++++ MATERIAL FOR THE TASK

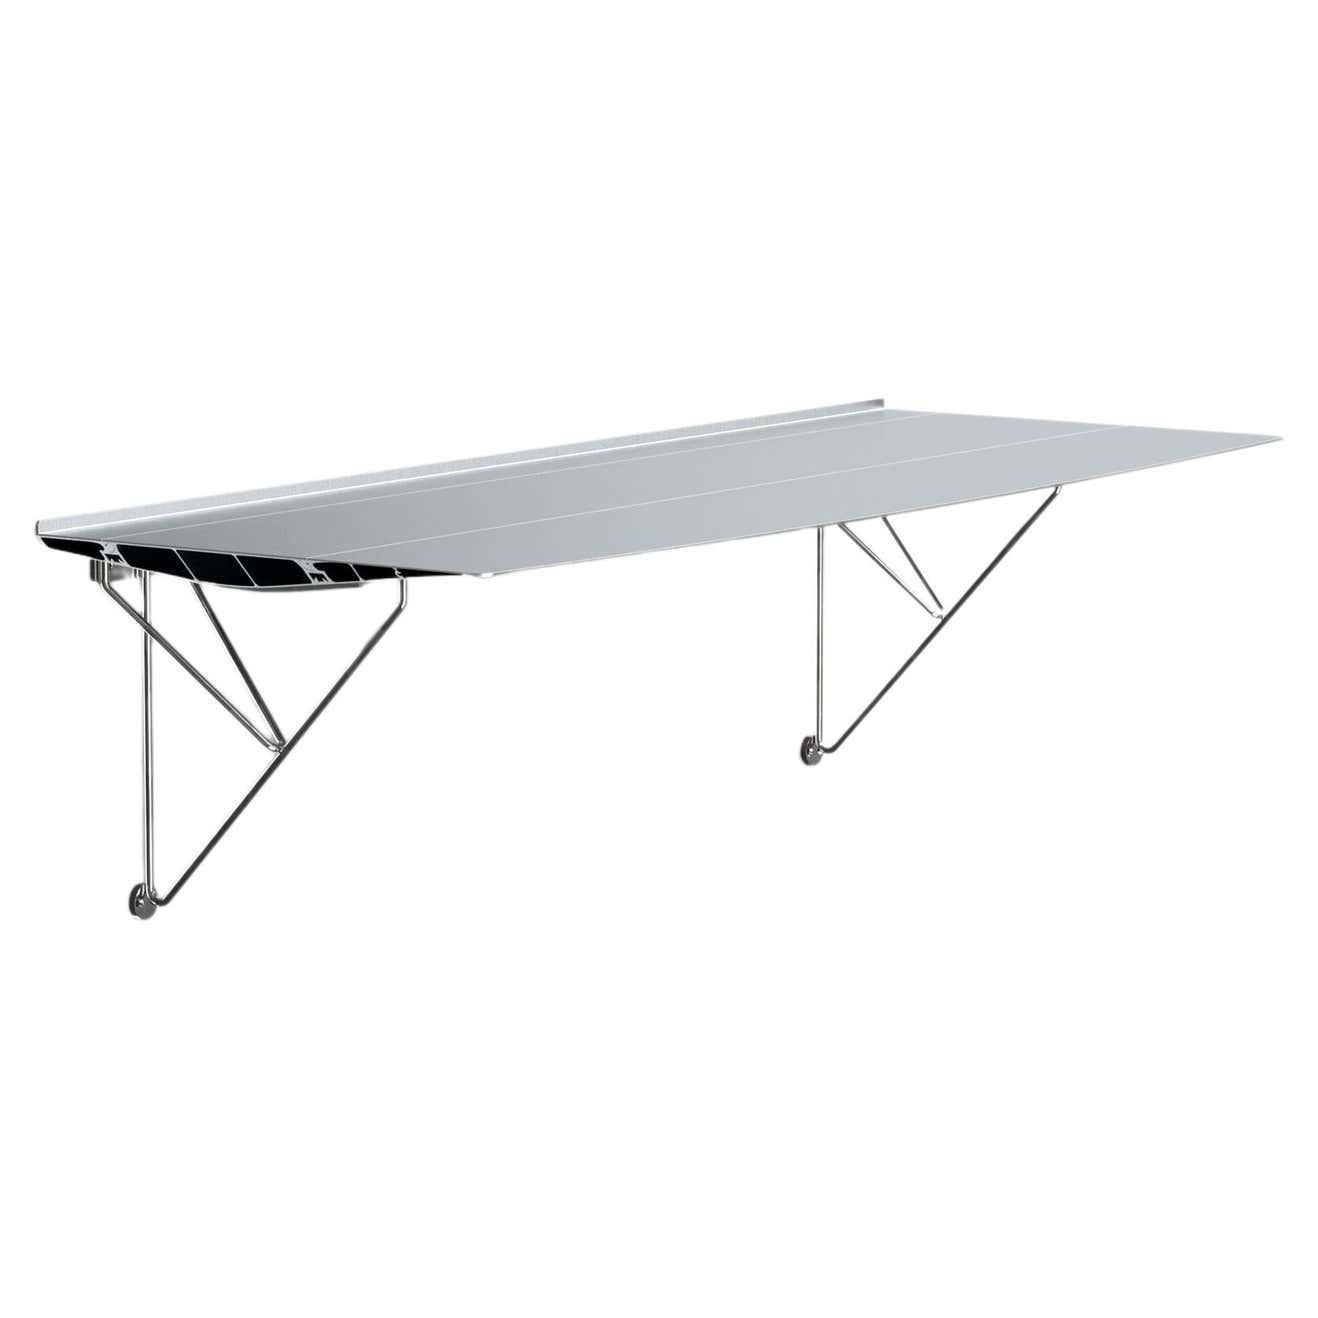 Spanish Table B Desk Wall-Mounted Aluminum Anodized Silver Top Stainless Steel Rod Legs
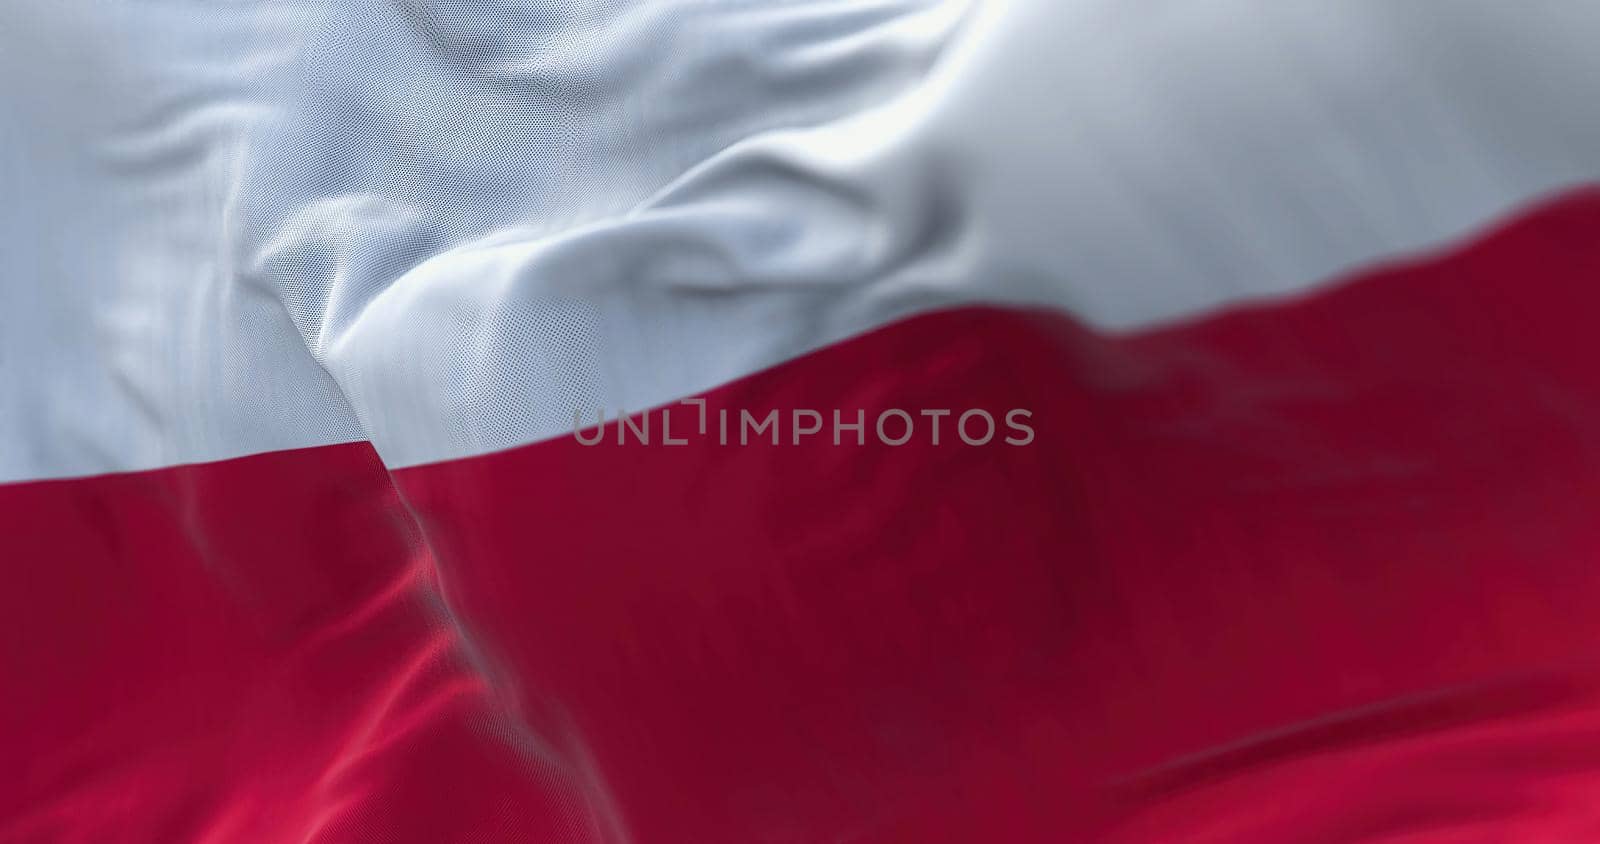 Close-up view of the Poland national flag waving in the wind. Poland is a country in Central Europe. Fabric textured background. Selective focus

++++++++
++++ MATERIAL FOR THE TASK

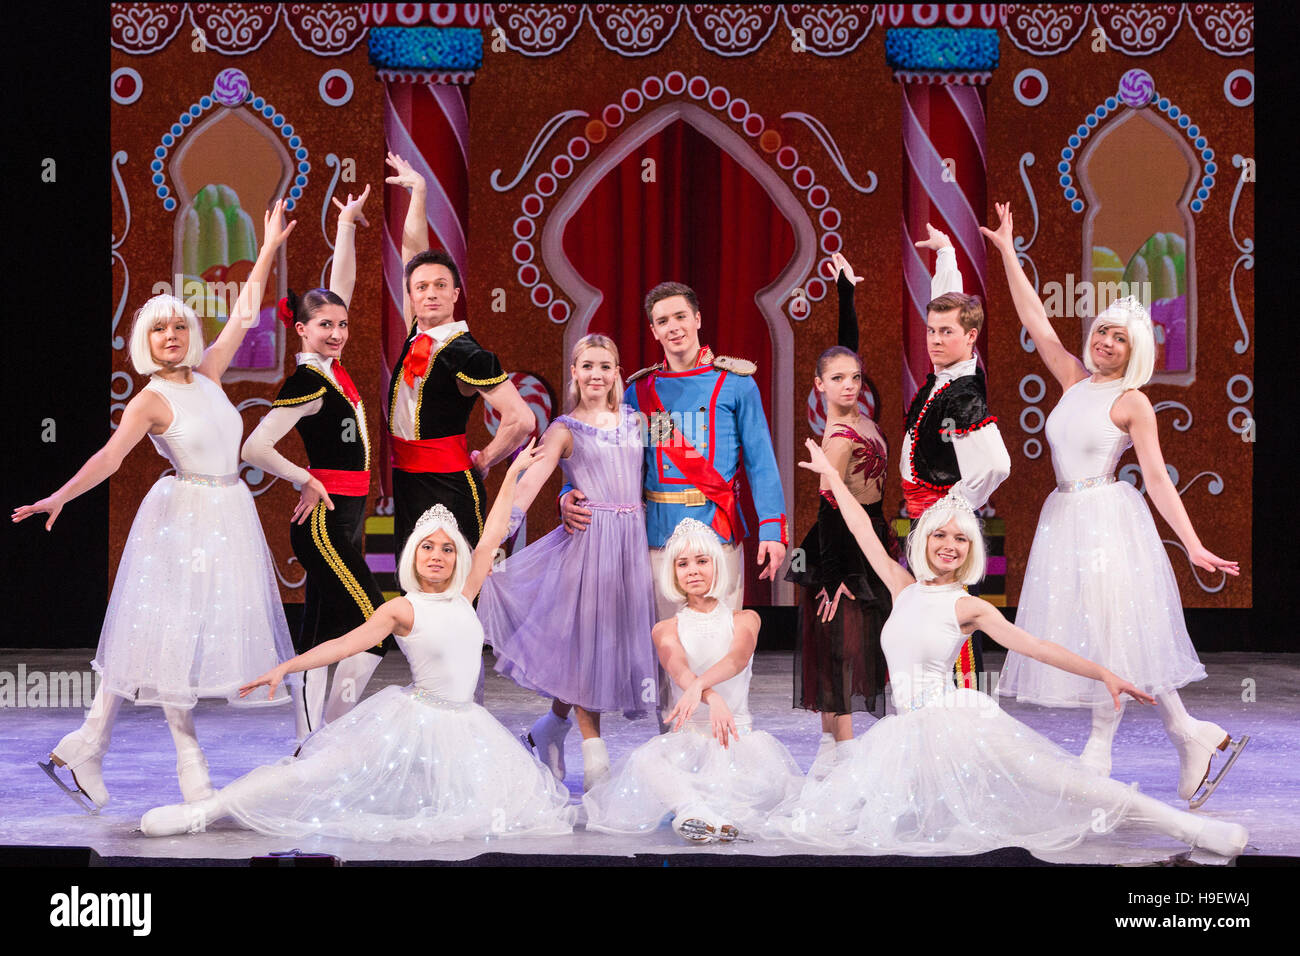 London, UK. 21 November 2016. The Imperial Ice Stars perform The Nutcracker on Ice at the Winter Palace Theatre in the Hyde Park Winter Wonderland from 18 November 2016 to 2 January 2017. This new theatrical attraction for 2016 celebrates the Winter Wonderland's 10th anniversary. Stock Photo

++++++++
++++ MATERIAL FOR THE TASK

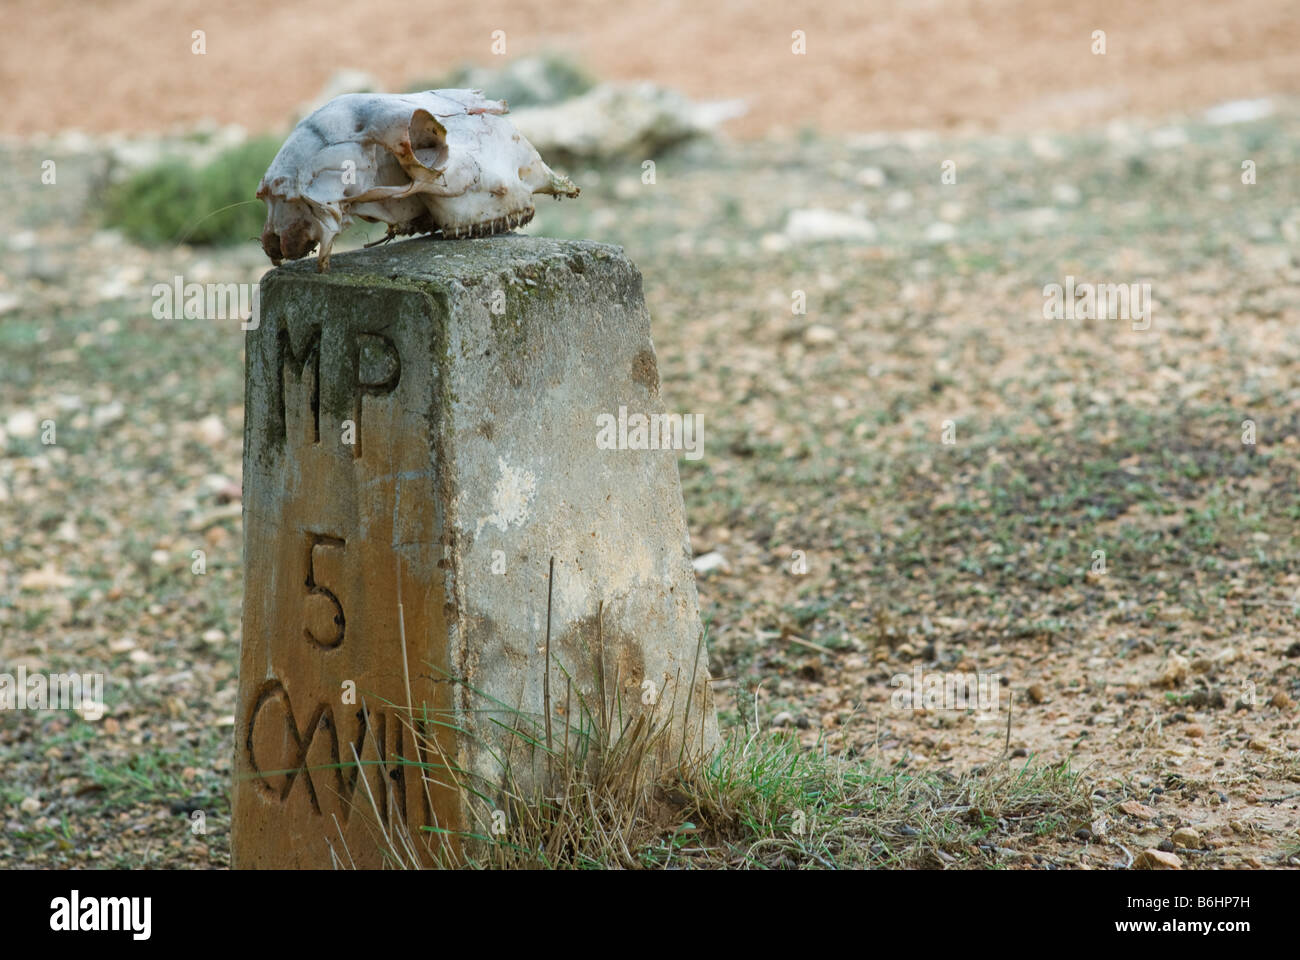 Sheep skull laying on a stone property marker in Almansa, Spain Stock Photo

++++++++

### [ACTIVITY]
Only the lines between the one with "Spanish Table B" and the one with "Close-up view of", those two included, get copied from the material above. Keep it exact and free of pictures.

### [RESPONSE BELOW]
 Spanish Table B Desk Wall-Mounted Aluminum Anodized Silver Top Stainless Steel Rod Legs
 Close-up view of the Poland national flag waving in the wind. Poland is a country in Central Europe. Fabric textured background. Selective focus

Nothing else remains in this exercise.